Now we are transforming towards the assembly of the entire IT stack from a few configuration management tools that are versioned in GitLab.

Compliancy. Well, we are a bank, we are not delivering pizza every day. We have to be a bit in control, I would say, of what we are releasing and make sure that our customers don't suffer any problem. Here we did, I think, two main important improvements.

So first of all, we are moving more and more towards immutable patterns. So basically, we want to be sure that after you release an application, the state of your application will not change over time. So you're confident that what you're putting in production, it stays like you meant. And we have different ways to implement this concept. One is just having immutable servers, containers, or whatever. So you put your virtual machine read-only, then you're sure that this will not change. Another way is to use other configuration management or deploy tools like Puppet, Ansible, Chef, that were born as a self-healing technology.

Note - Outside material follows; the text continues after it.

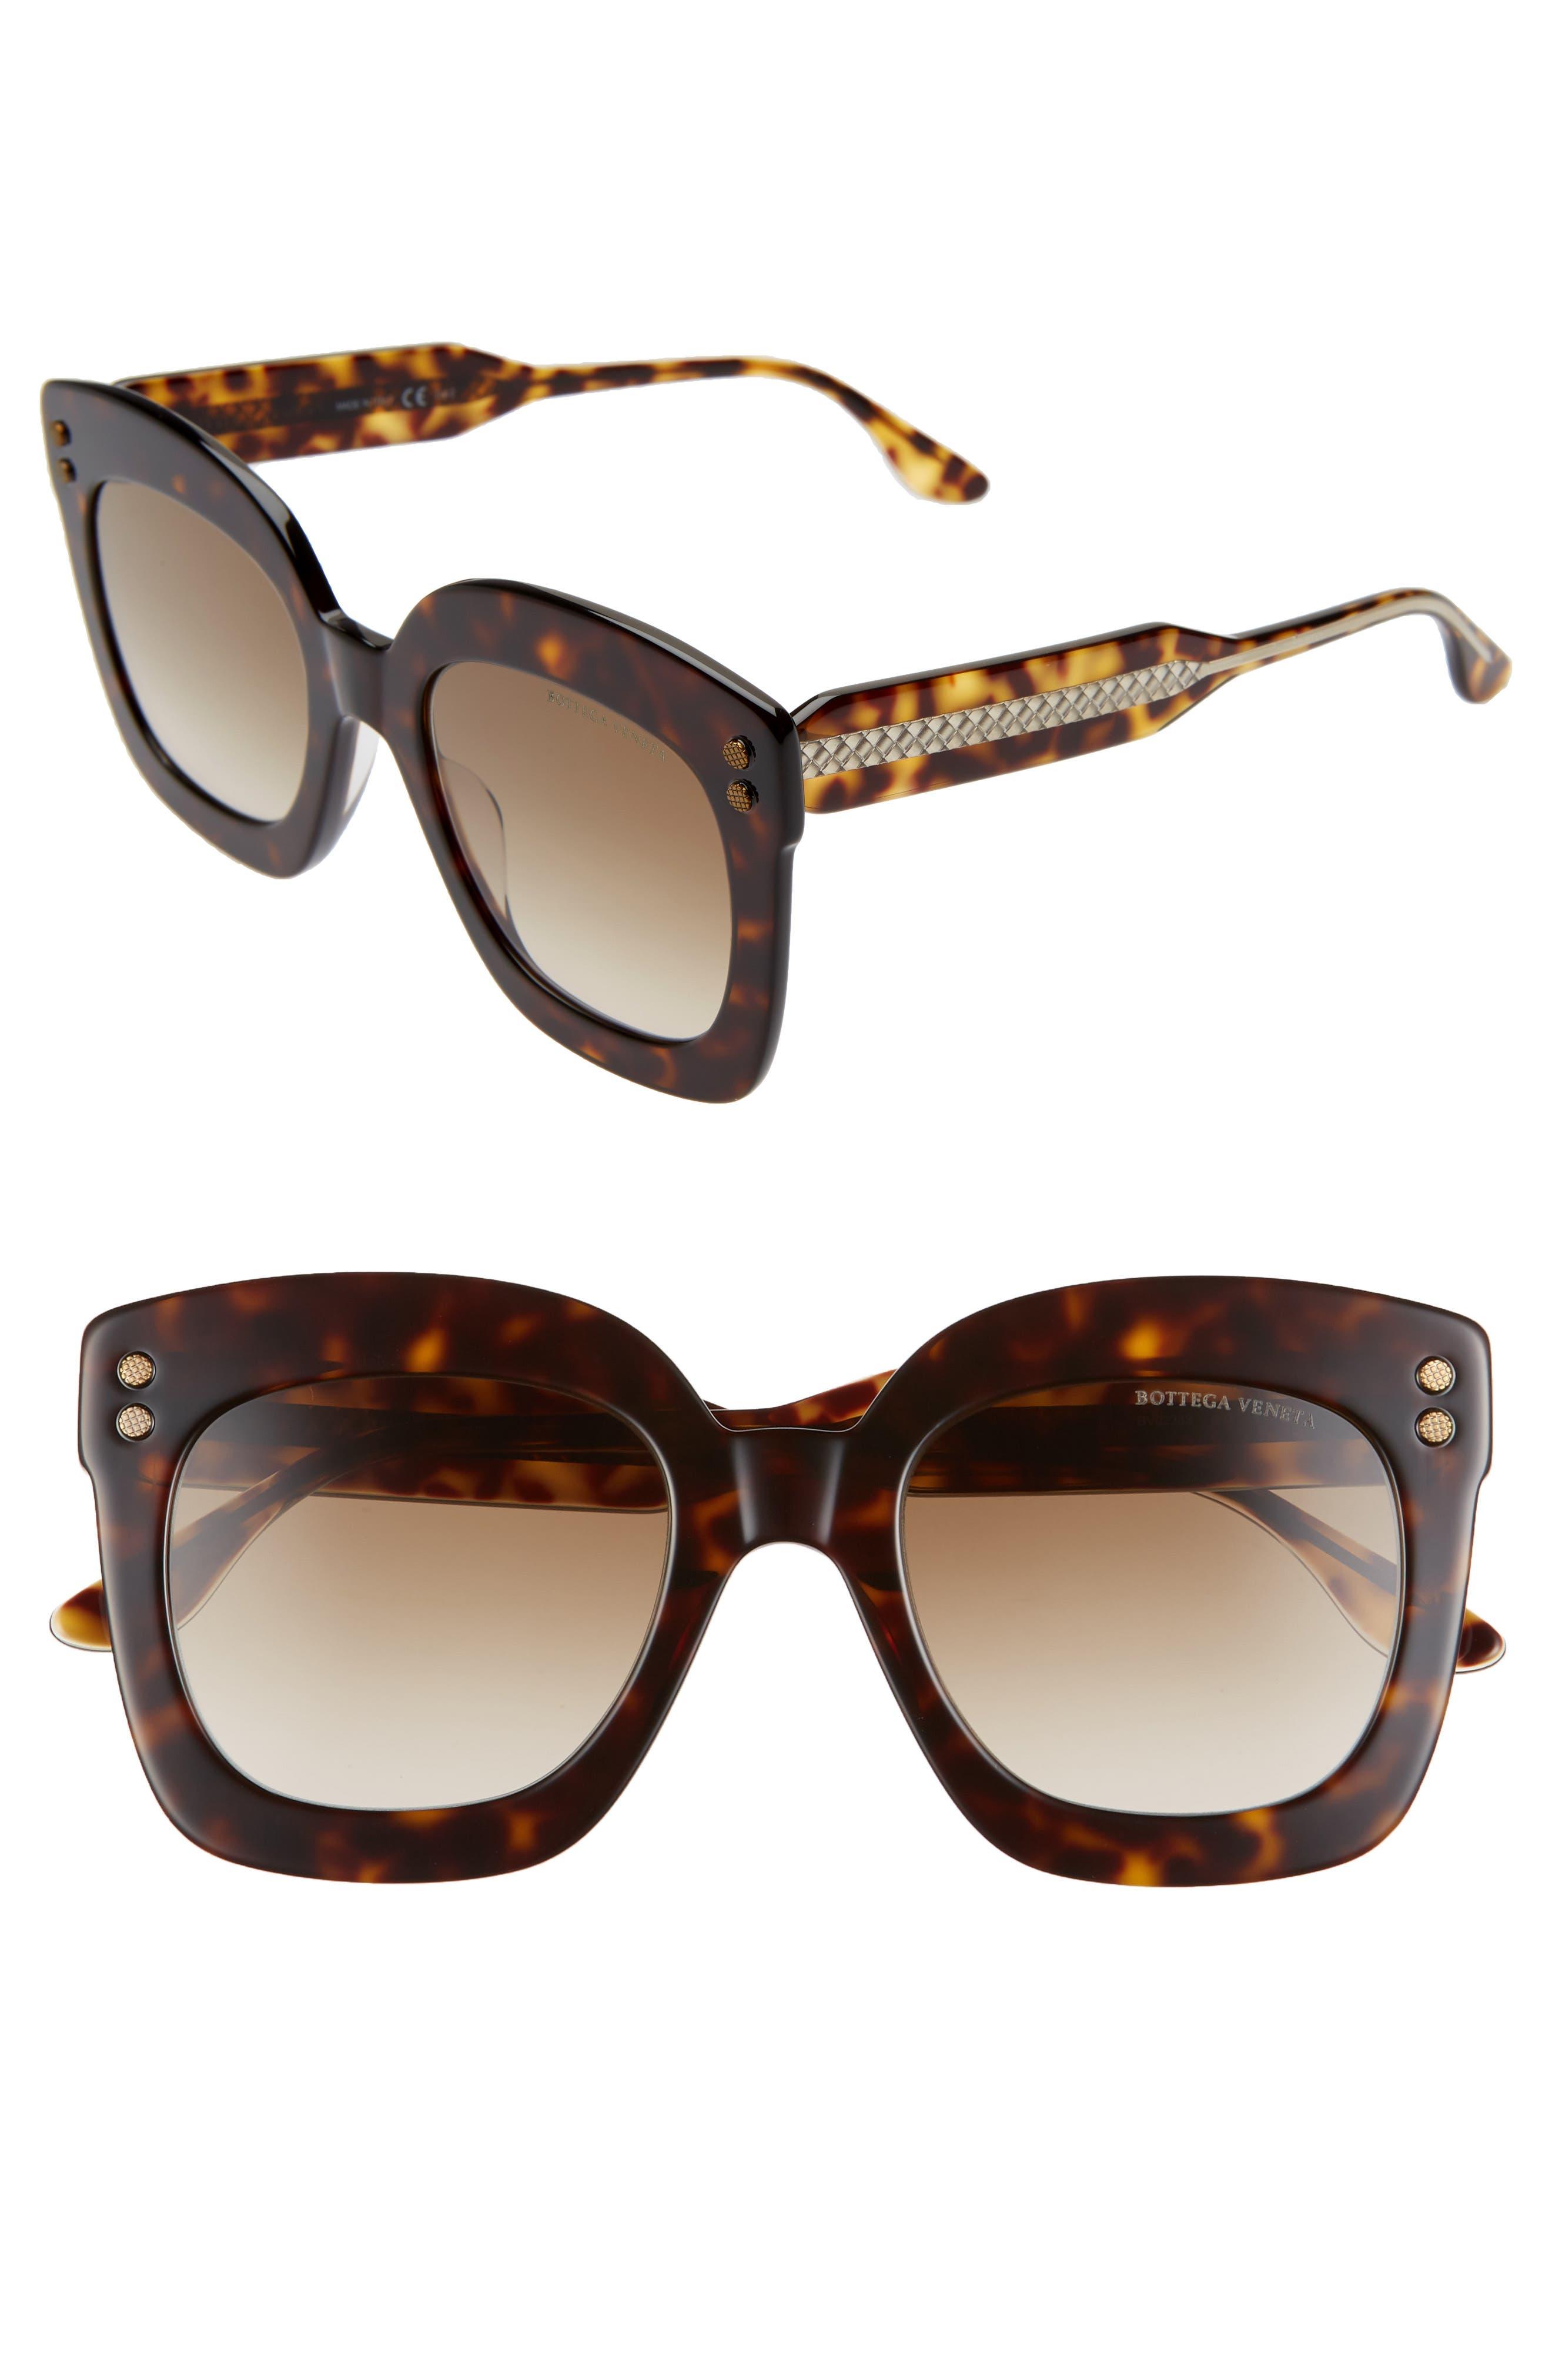 Bottega Veneta 51Mm Gradient Square Sunglasses - Dark Havana/ Brown

But before going to production, then you should be sure that what you're releasing is compliant to your regulation. And here what we did, remember the Kafka layer, we implemented on top of the Kafka layer an in-house tool that's called iValidate. iValidate, what it does is getting all events from the pipeline, and then it has some business logic that can tell if the application you're bringing to production is compliant or not automatically.

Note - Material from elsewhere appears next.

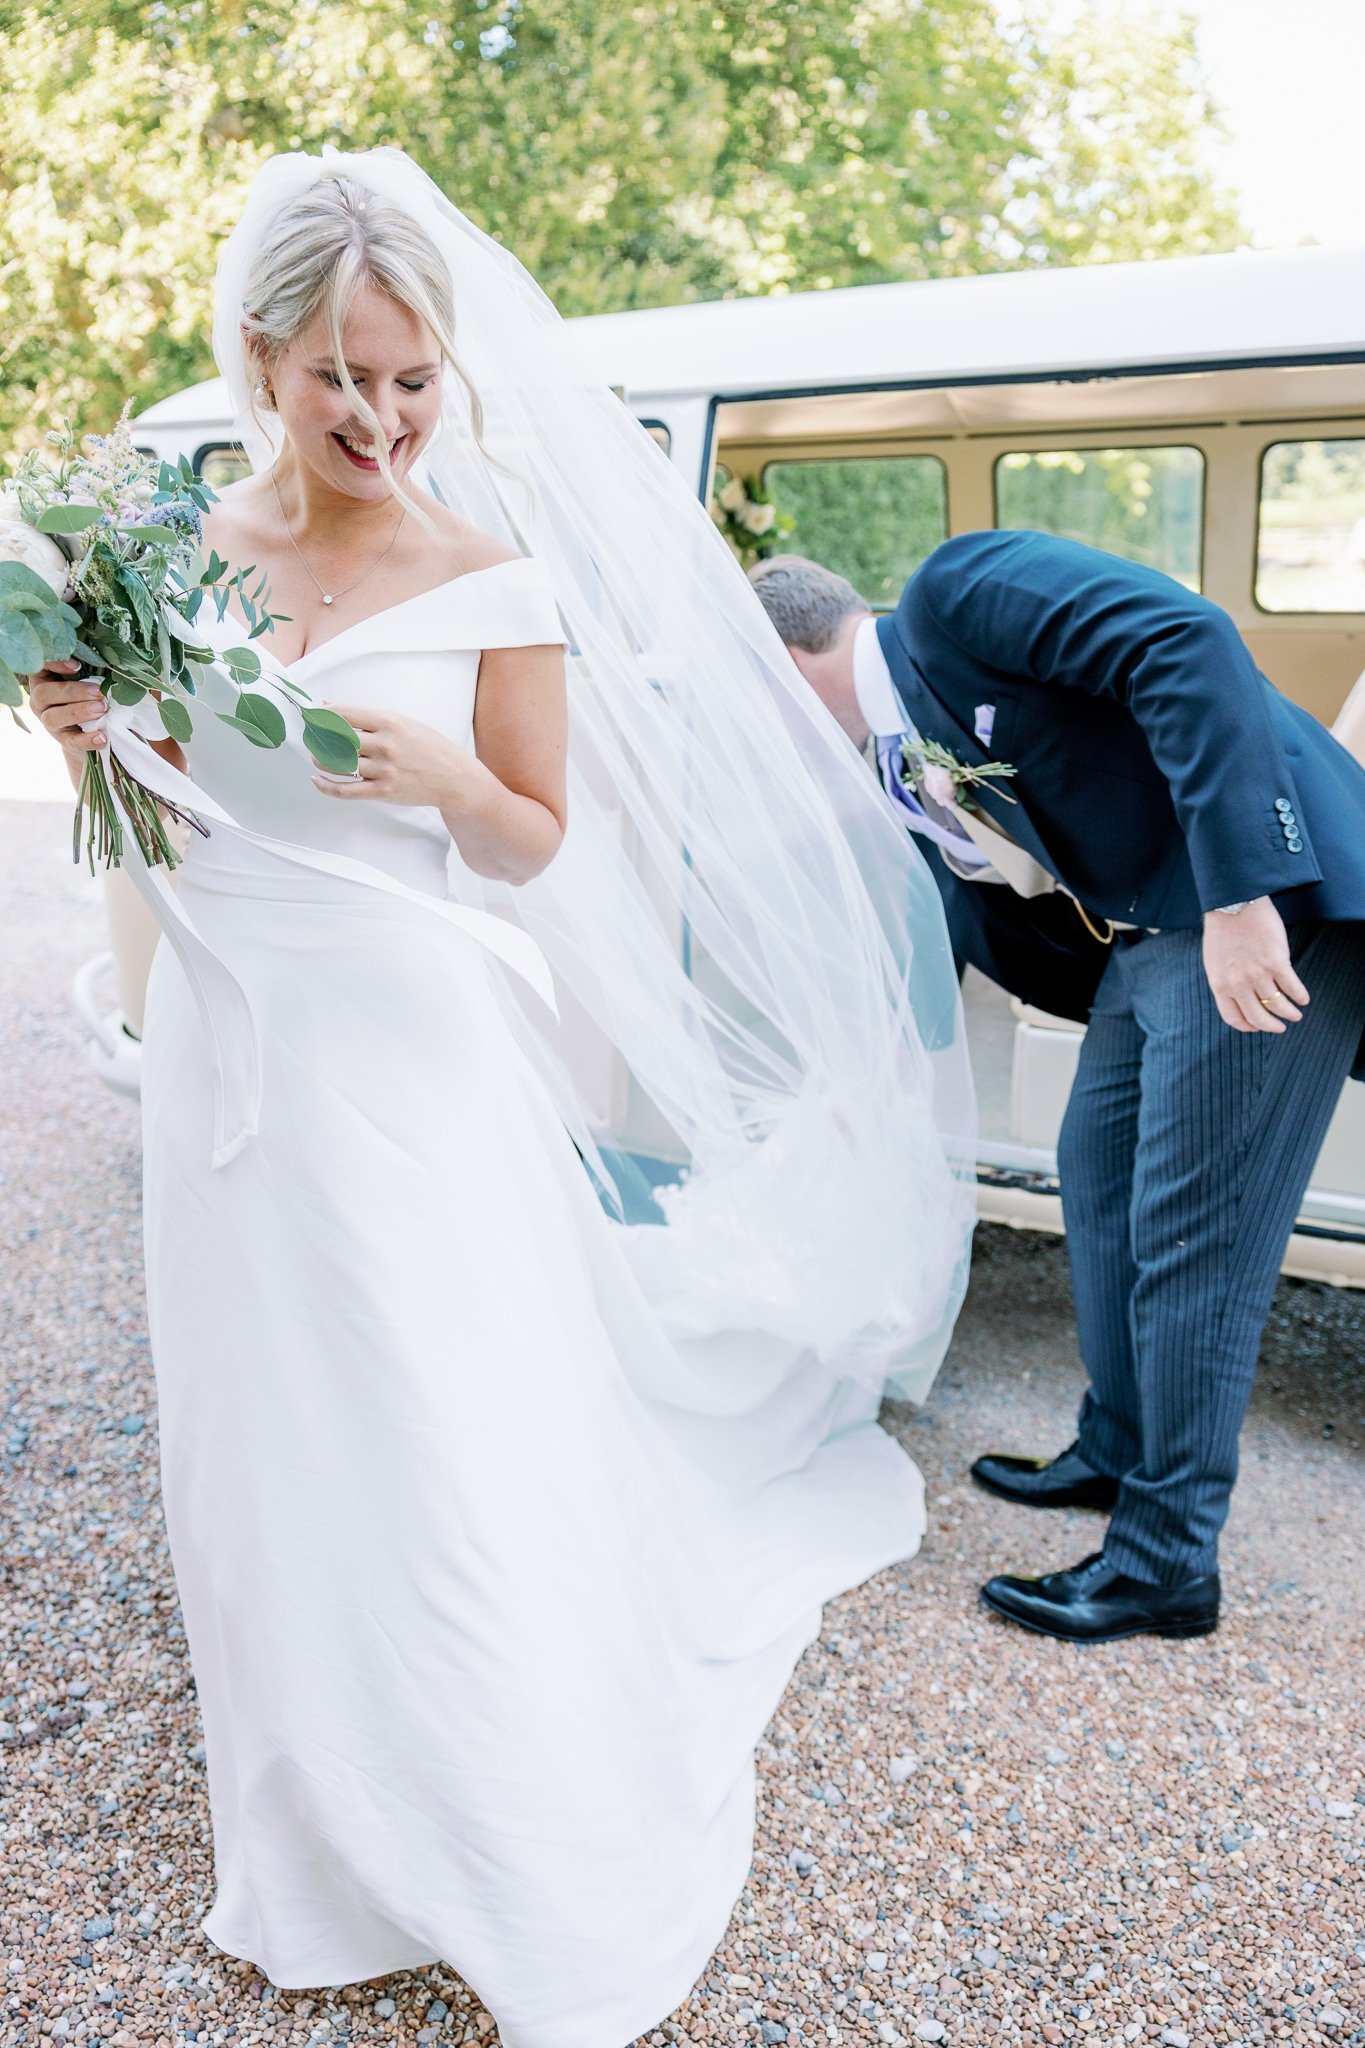 Bride arrival at Brickwall House wedding venue in Rye

So now it's becoming an automated tollgate, meaning that before going to production, the release orchestration will send an API call to iValidate and it will ask, "Okay, can this application with this version number go to production or not?" And then you will get a yes or no. Of course, for managers, there is a magic button to overrule all this criteria if you want to risk your job. But here, basically, you get all the vulnerabilities, you get all the testing results, and then you can profile your application to understand how ready it is to go to production.

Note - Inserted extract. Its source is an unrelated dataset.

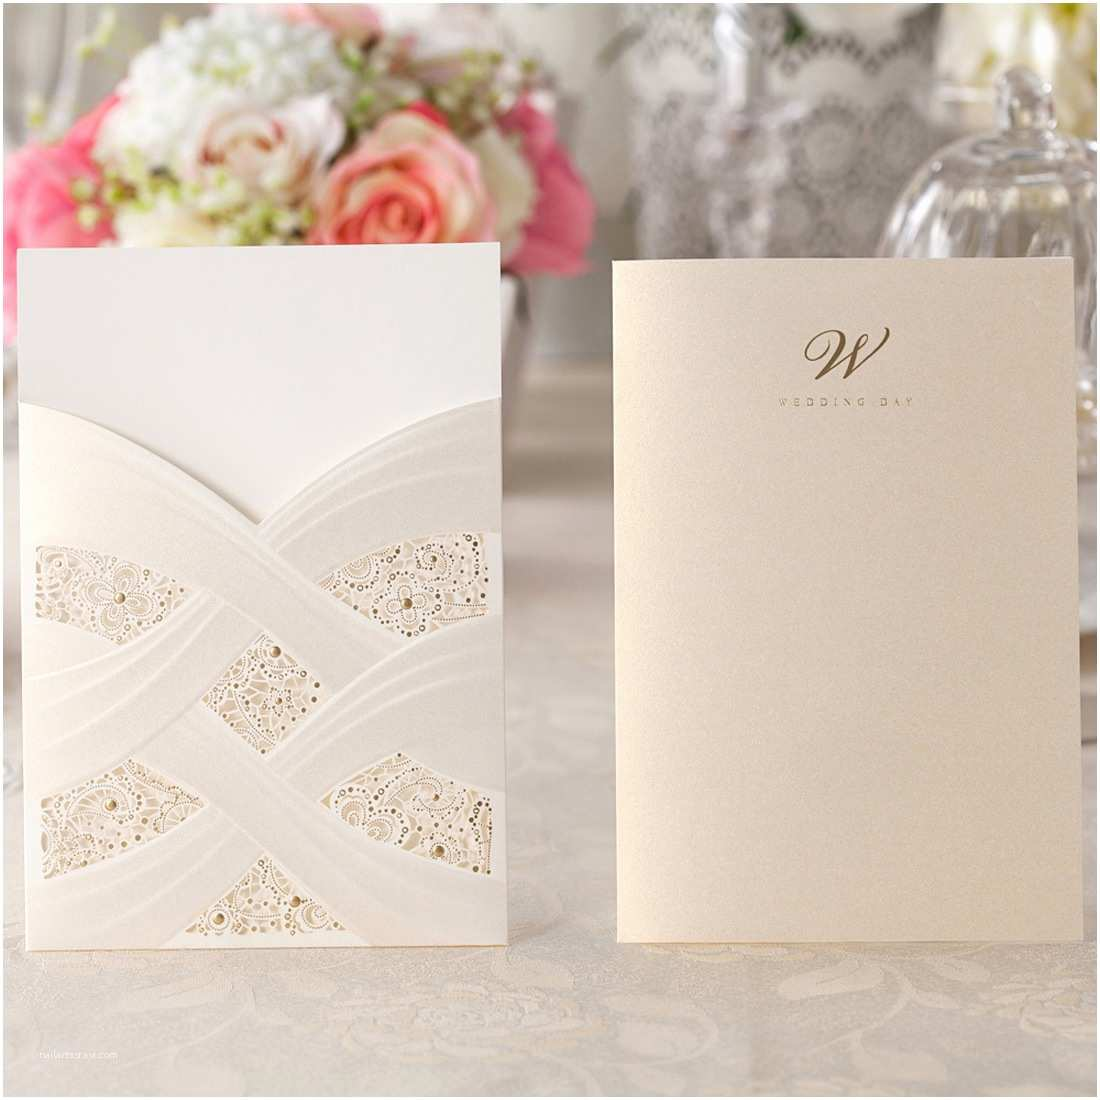 Wedding Invitation Stickers Pocket Wedding Invitation Card Kit Cw060 with Envelope

Okay. Finally, management, I think, is happier. At least it's more relaxed. They know that we can complete this big continuous delivery journey. We have improvements both in the reliability and in the lead time. The lead time now, or the cycle time, can take minutes or hours depending on which functionality you have to bring, depending if you have to perform or not the manual penetration testing. But I would say most of all, we have a more relaxed engineering floor. So you cannot recognize anymore the teams that are releasing and the teams that, well, they just started their release.

What's next? Next, well, it's a global continuous delivery offering. We already started and we already did huge progress. ING has retail or commercial business in over 40 countries in the world, and we want the teams to reuse this central shared CDaaS offering.

And before concluding, those are some numbers to give you an idea about the usage of this pipeline. So on average, we are onboarding in the pipeline around 50 applications every month. And we have in total 1,000 applications going to production within the pipeline. It means that more or less 700 teams are using the pipeline from across the globe, with mainly usage within Europe.

To wrap up, because I think my time is up, I showed you where we were back in time, what was the complexity of our release process. I showed you, of course, our continuous delivery pipeline. And I went through what we think are the main challenges of this journey, from the cultural innovation to the review of the DevOps journey, down to having a better control of the compliancy.

And with this, I'm thankful that you joined this presentation. I hope that I gave you something that will open a bit, well, will give you some feedback for your journey. And I'm not sure if I have time for questions. No, I don't have. Thank you.